What I'm doing on "spring break"...

Officially I'm on vacation right now. It seems that I haven't been taking enough vacation days, so I was told that my cup runneth over -- if I didn't use some days by the end of the quarter, I would stop accumulating time off. I've never had a forced vacation before! :-)

Rather than travel somewhere, I decided to spend a quiet week at home, working on various house and personal projects. There are many of the former to address, since I've been so busy in my work. As for the latter, I always have more long-term goals that I want to achieve. For instance, as a step toward publishing (more particularly, self-publishing) some of my writings in the future, I've spent the last two days learning the XSL Formatting Objects (XSL-FO) technology. XSL-FO is a fairly complicated and verbose language for creating print-ready documents from XML source files. In this way it's something of the print counterpart to HTML. The way I have experimented with XSL-FO has been to (1) create an XML source file consisting of a collection of my poems and translations, (2) write an XSLT stylesheet that transforms the XML file into a formatting objects file describing the print markup, and then (3) invoke the FOP processor (from Apache) to convert the .fo file into PDF. I've got it working pretty well: 35+ poems and translations spread over 59 A5-size pages, plus front matter including a nifty table of contents. Inevitably, I still have a few bugs to work out -- mostly related to setting up an alternating sequence of pages (left-hand pages, right-hand pages, chapter-heading pages, and appropriate blank pages) within the main text of the book. I haven't figured out how to do that yet, so perhaps I need to join the fop-users mailing list for a spell. (As if I need more mail!)

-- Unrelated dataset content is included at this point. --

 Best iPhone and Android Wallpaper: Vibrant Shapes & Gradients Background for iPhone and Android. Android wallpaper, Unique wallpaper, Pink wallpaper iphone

BTW, the irony is not lost on me that I, who buy perhaps two books a year, am thinking about printing words on paper with the intent that people will pay for the privilege of reading them. (Not just my own words, mind you -- my current research into publishing technologies was inspired by an email message I received from Stephen Marvin, whose novella The Assumption of Nalantei I published online in the Monadnock Review.) Yet I think there is a market, albeit likely a small one, for printed works of the kind I have published in my webzine: poems, translations, stories, and essays that are marked by passion, insight, and intelligence. Works such as Stephen Marvin's novella, poems by John Enright, translations by Leonard Cottrell, and essays and poems by yours truly.

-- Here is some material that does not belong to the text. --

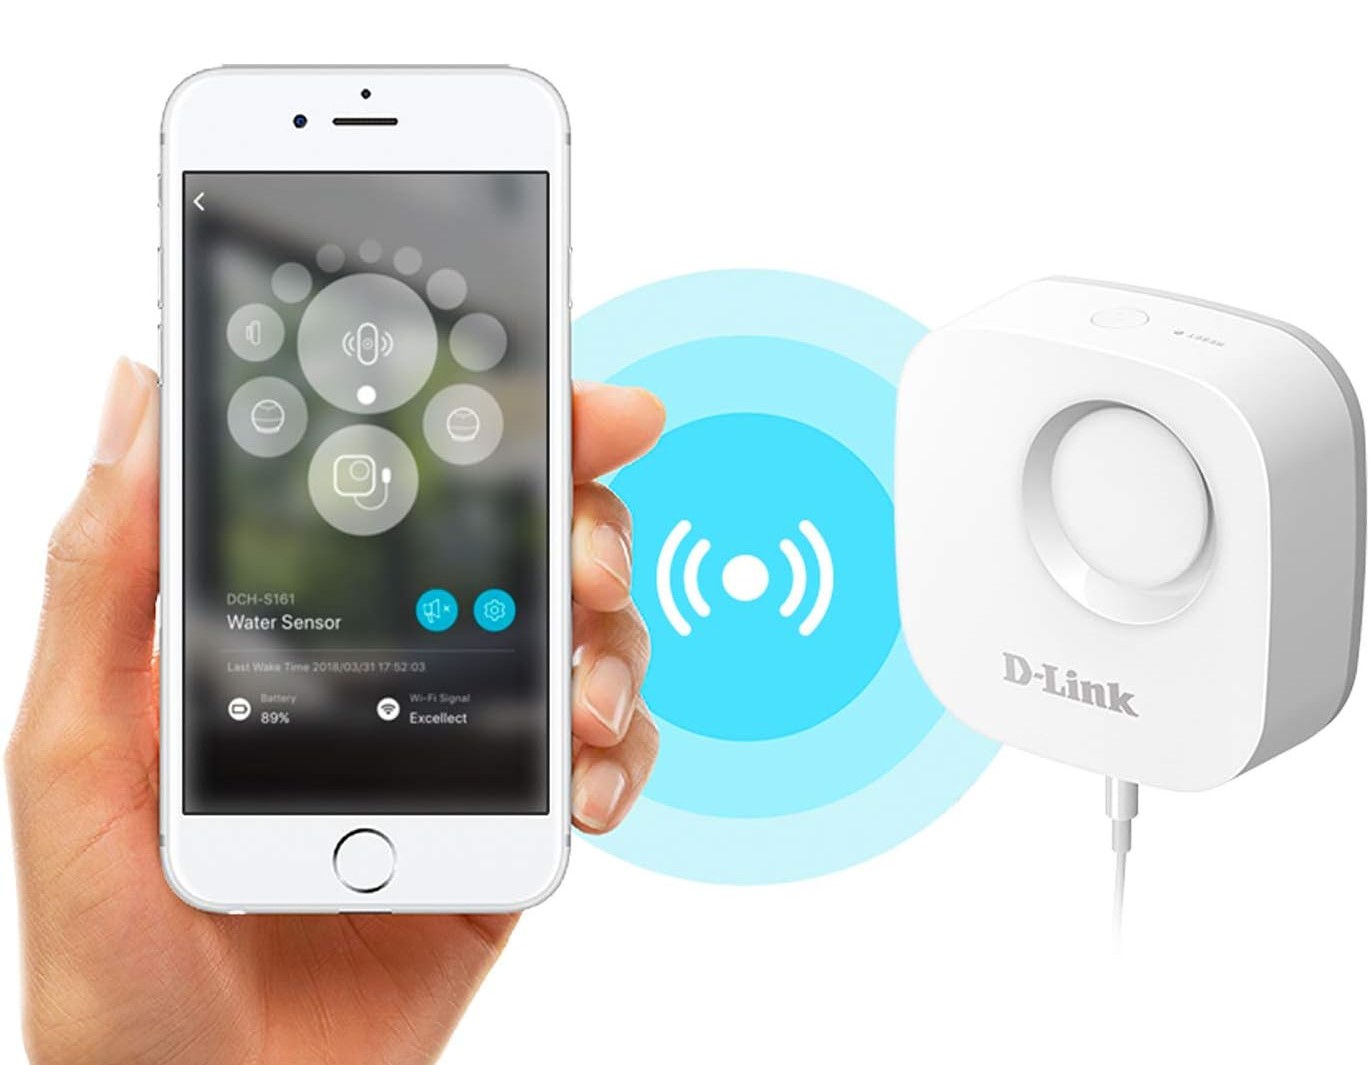 How To Enable Push Notifications For MyDlink Wi-Fi Motion Detector

Speaking of essays, while in Minneapolis last week I continued my project of re-reading the works of Nietzsche. I've long had in the back of my mind the idea of writing an essay comparing Nietzsche and Rand (I even have a title: The Alternating Current, which accurately describes my own feelings of attraction and repulsion for both thinkers). Yet given how thoroughly I've marked up my copies of Thus Spoke Zarathustra and Twilight of the Idols, I'm thinking that this essay may turn out to be of book length. (Or, to be precise, the length of the books I'm thinking about publishing under the auspices of the Monadnock Press, which would be on the order of 150 pages at most.)

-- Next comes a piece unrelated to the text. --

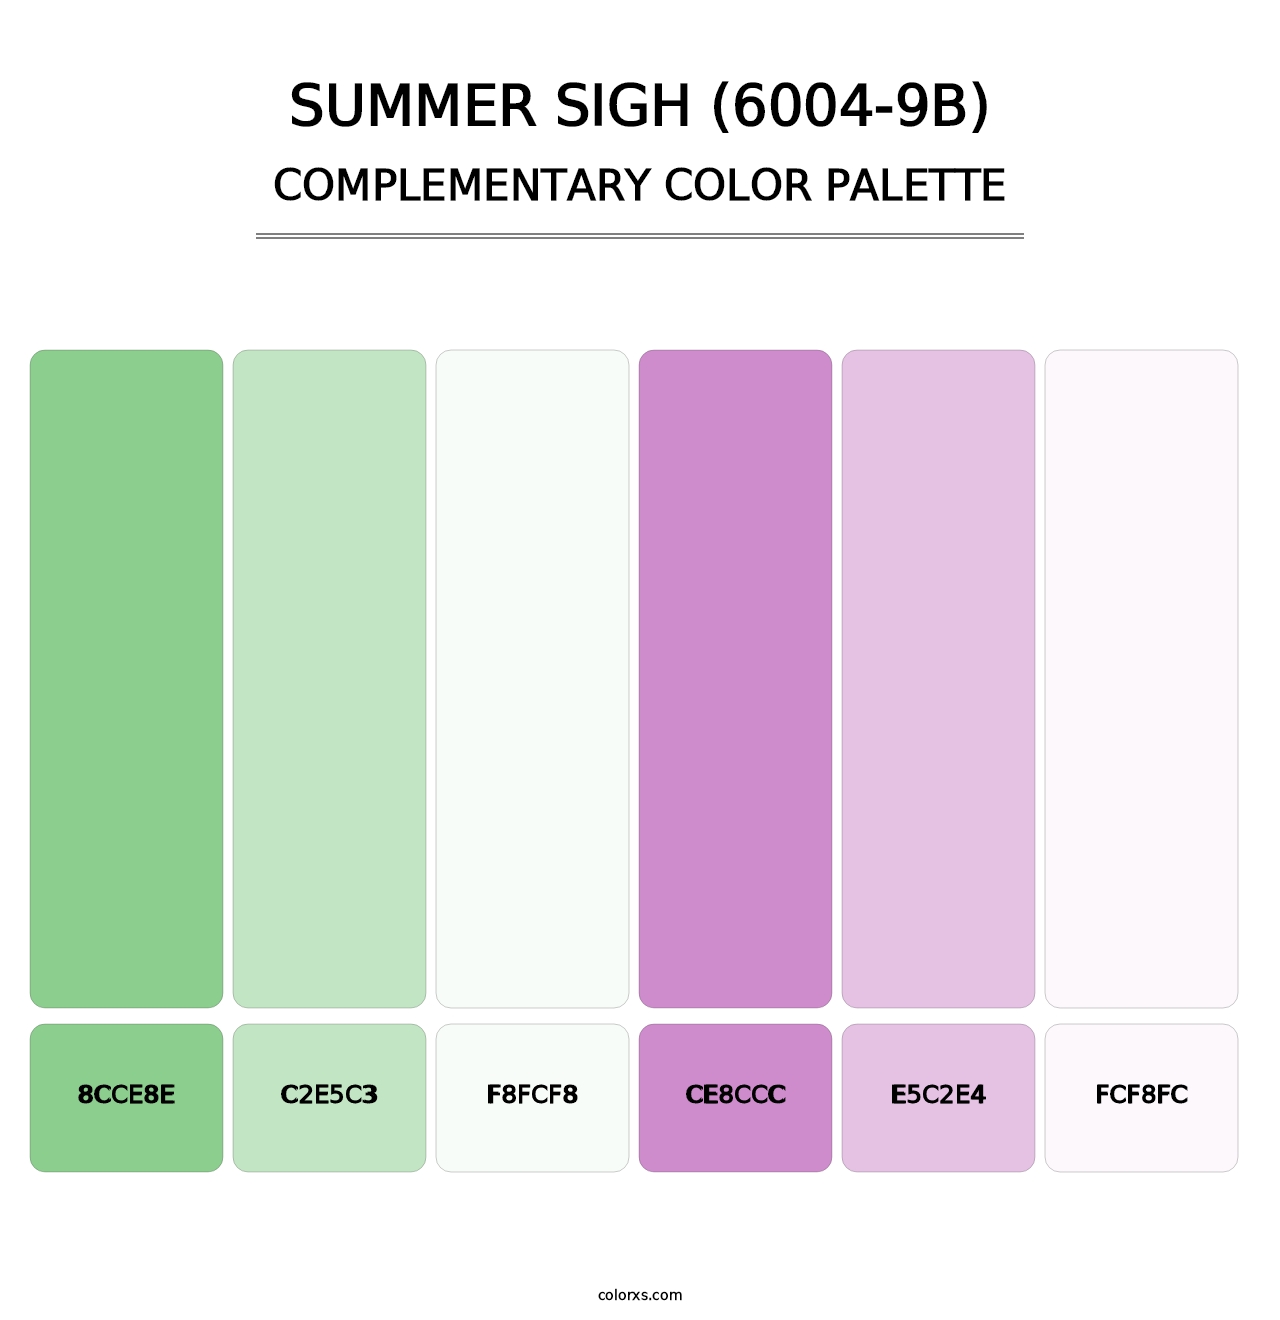 Summer Sigh (6004-9B) - Complementary Color Palette

There is further irony, even tension, in the fact that I'm thinking about attempting to sell printed works, especially my own works. Ever since I fell under the spell of the World Wide Web, I have had a commitment to giving back to the Internet community by making works like my philosophical dictionary, essays, and poems available free of charge. Yet of late I've begun to have a change of heart, and to think that perhaps I don't want to give everything away. Sometimes I feel as if, to quote Ayn Rand, I am casting pearls and not getting even a pork chop in return. I can count on two hands the truly insightful emails I've received about the works I've published online. Unfortunately, consumers of the wonderful code and content available on the Internet have come to expect that it's all available free of charge. Not only that, but they expect it to be perfect, and never tire of asking for more. Yet they seem blithely unaware that content and code do not appear out of thin air -- they take time, intelligence, and dedication the part of those who produce this embarrassment of riches. More and more, I'm coming to think that tipjars and PayPal donations will never fairly compensate more than a minuscule minority of those who produce what's of value on the Internet. In other words, there will come a time (and perhaps that time is here already) when the producers will go on strike.